The constraint that makes this hard: those two goals point in opposite directions. High throughput wants maximum parallelism. Polite per-domain behavior wants very little parallelism on the busiest domain. We need to be parallel across domains and serial within them.

The architecture

The checker is built around three Redis data structures and a single worker loop.

1. The pending queue (per job)

On job submit, we INSERT every URL into a Postgres url_items table with status = 'pending'. Workers pull from this table directly via:

-- claim N URLs the worker can actually start right now
WITH next AS (
  SELECT id, url, domain
  FROM url_items
  WHERE status = 'pending'
    AND job_id = $1
  ORDER BY id
  FOR UPDATE SKIP LOCKED
  LIMIT $2
)
UPDATE url_items
SET status = 'claimed', claimed_at = NOW()
FROM next
WHERE url_items.id = next.id
RETURNING url_items.id, url_items.url, url_items.domain;

FOR UPDATE SKIP LOCKED is the trick that lets ten worker replicas share the same queue without coordinating. Each worker claims its own batch; nobody waits on anyone else.
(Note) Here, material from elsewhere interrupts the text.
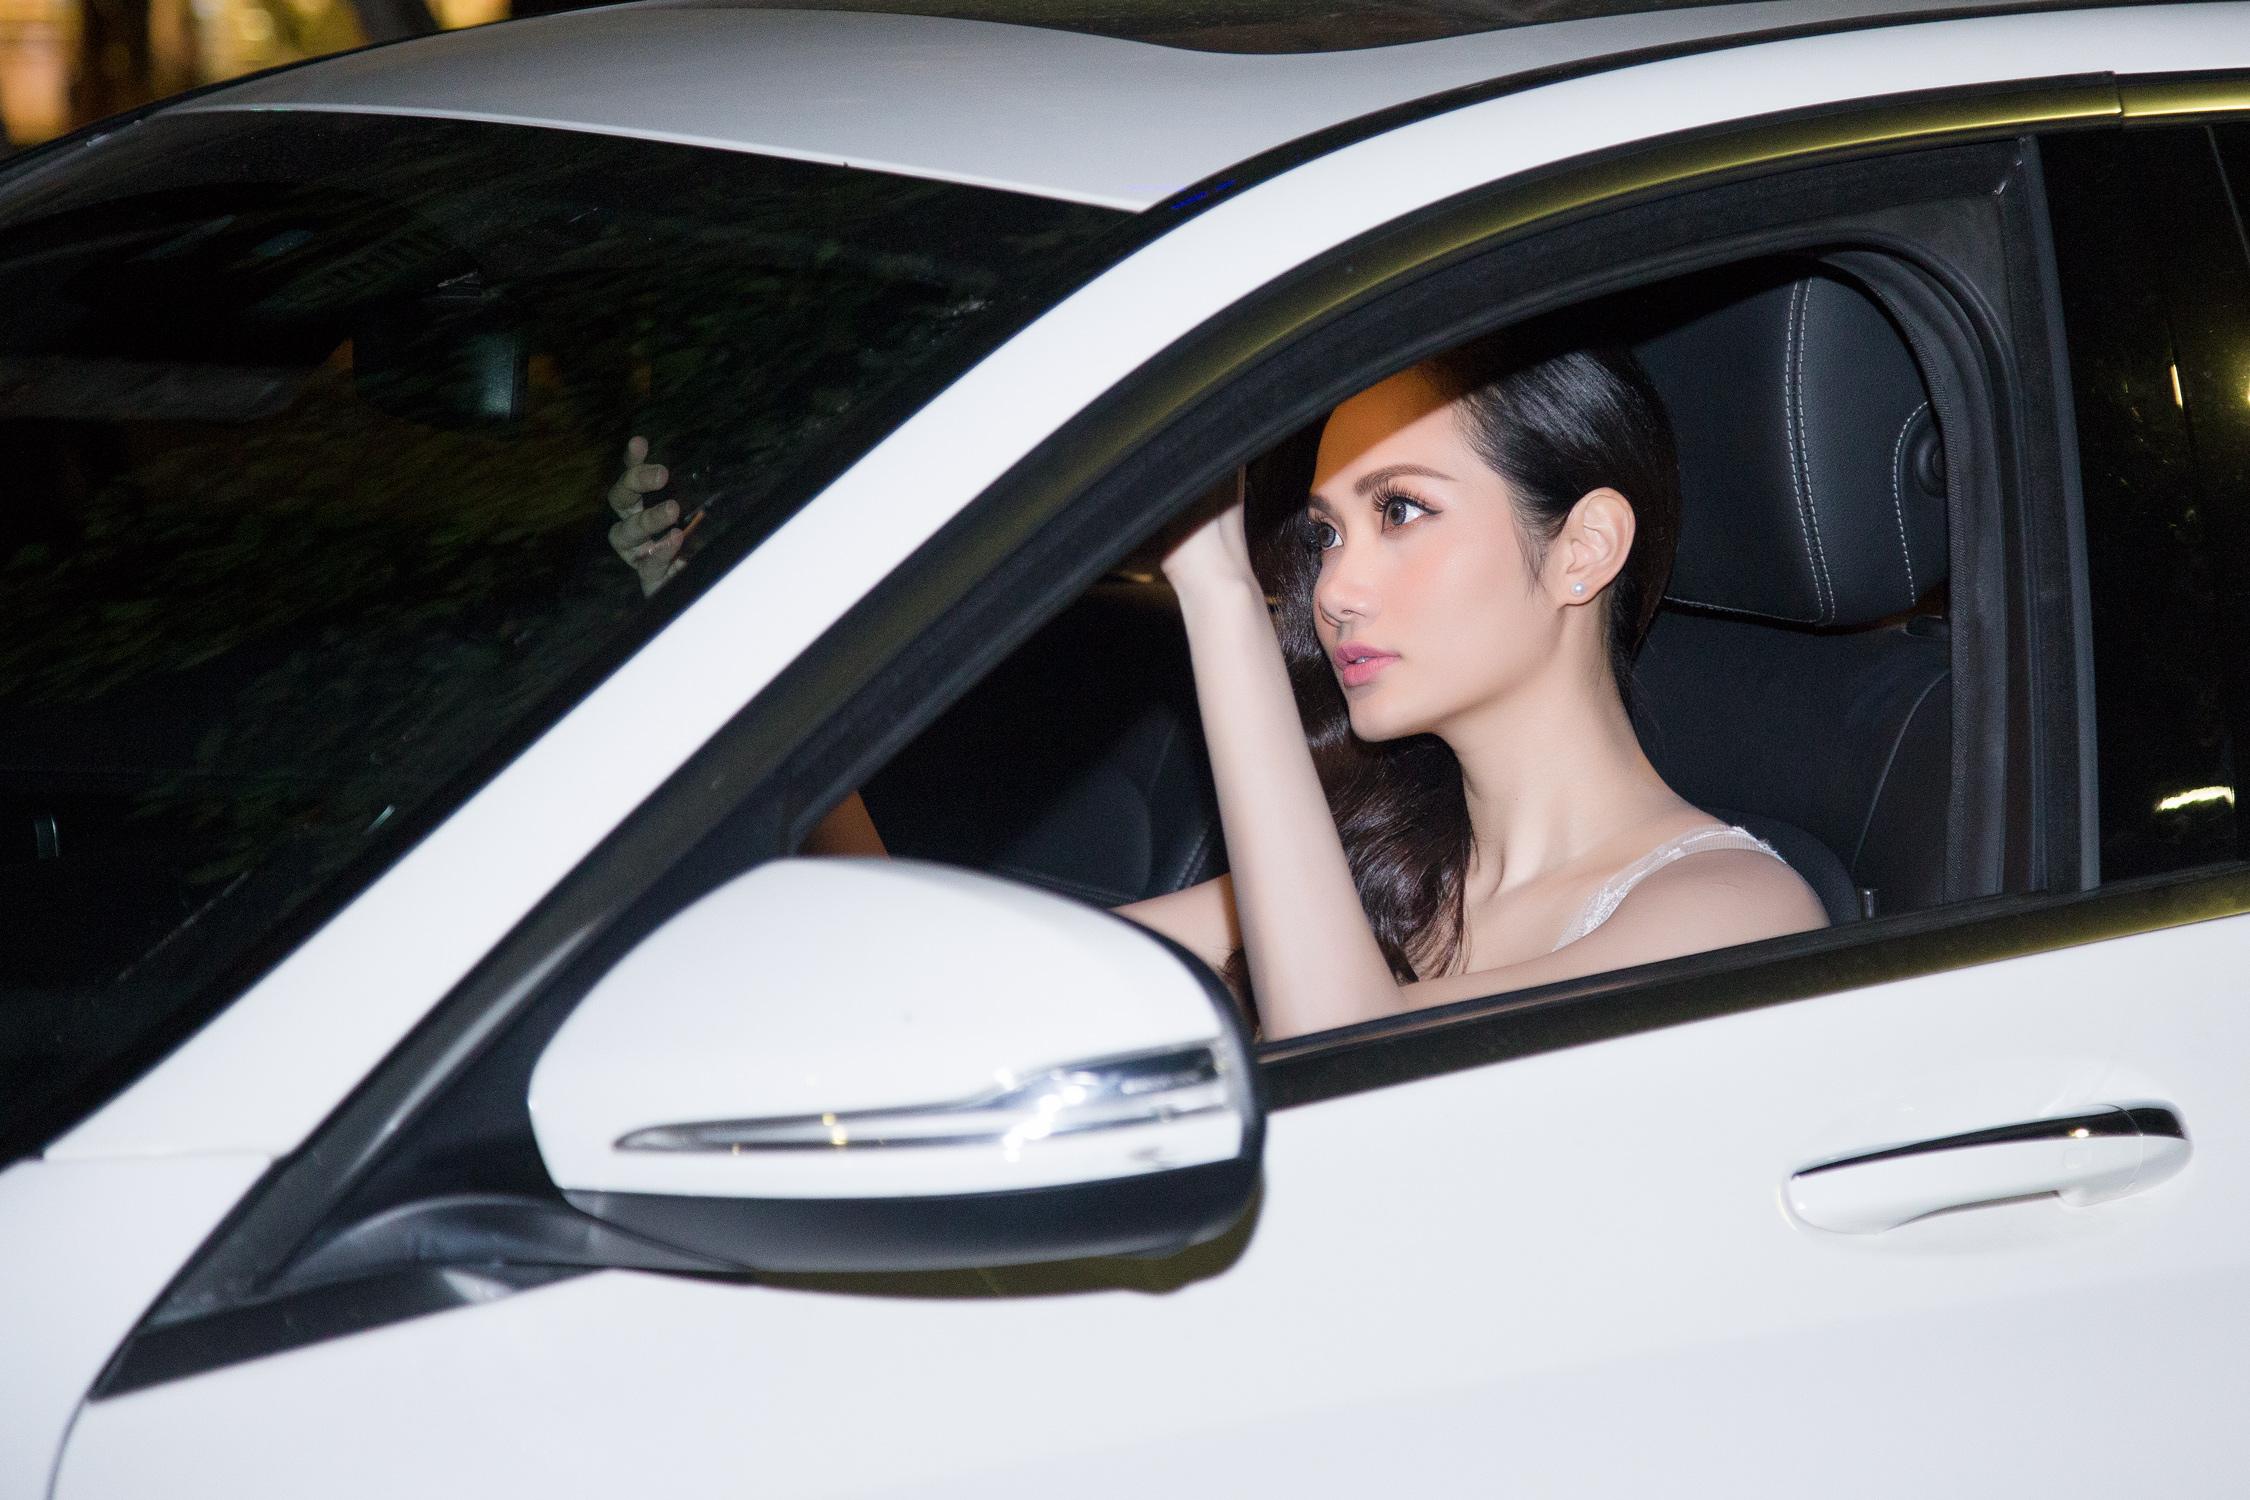 Hoa hậu Đông Nam Á Diệu Linh tự lái xe tiền tỷ đi sự kiện 1

2. The per-domain throttle (Redis)

Before actually firing a request, the worker checks a per-domain budget in Redis:

# pseudo-Python for the throttle check
def can_fire(domain: str, rate_per_sec: int) -> bool:
    key = f"throttle:{domain}"
    now_ms = int(time.time() * 1000)
    window_start = now_ms - 1000  # last 1 second
    pipe = redis.pipeline()
    pipe.zremrangebyscore(key, 0, window_start)  # drop old hits
    pipe.zcard(key)                              # count current hits
    pipe.zadd(key, {str(now_ms): now_ms})        # tentatively add ours
    pipe.expire(key, 5)                          # auto-cleanup
    _, current_count, _, _ = pipe.execute()
    if current_count >= rate_per_sec:
        # roll back the speculative add and signal "wait"
        redis.zrem(key, str(now_ms))
        return False
    return True

This is a sliding-window rate limiter over a Redis sorted set. It is exact (no leaky-bucket approximation) and works correctly across multiple worker processes. The cost is one round-trip per request, about 0.5ms in practice.

3. The domain rate table

Where do we get rate_per_sec? From a per-domain table we maintain based on observed behavior:

CREATE TABLE domain_rates (
    domain         VARCHAR(255) PRIMARY KEY,
    rate_per_sec   SMALLINT     NOT NULL DEFAULT 10,
    last_429_at    TIMESTAMPTZ,
    consecutive_429s SMALLINT   NOT NULL DEFAULT 0,
    updated_at     TIMESTAMPTZ  NOT NULL DEFAULT NOW()
);

New domains start at 10 req/sec. Every time we see a 429 from a domain, we halve the rate. Every successful streak of 100 requests, we increase by one. The table converges to something close to each host's actual tolerance within a few large jobs.

4. The worker loop

Each of the ten worker replicas runs:

while True:
    batch = claim_n_urls_from_db(job_id, limit=50)
    if not batch:
        sleep(2); continue

    grouped = group_by_domain(batch)
    for domain, urls in grouped.items():
        rate = lookup_or_default(domain)
        for url in urls:
            while not can_fire(domain, rate):
                sleep(0.05)
            result = check_one(url)
            persist_result(url.id, result)
            if result.status == 429:
                shrink_rate(domain)
            elif result.is_success:
                maybe_grow_rate(domain)

The inner while not can_fire loop is the bit that keeps us polite. If 8,000 URLs all live on shopify.com, those URLs serialize against each other across all workers, even though every other domain runs in parallel.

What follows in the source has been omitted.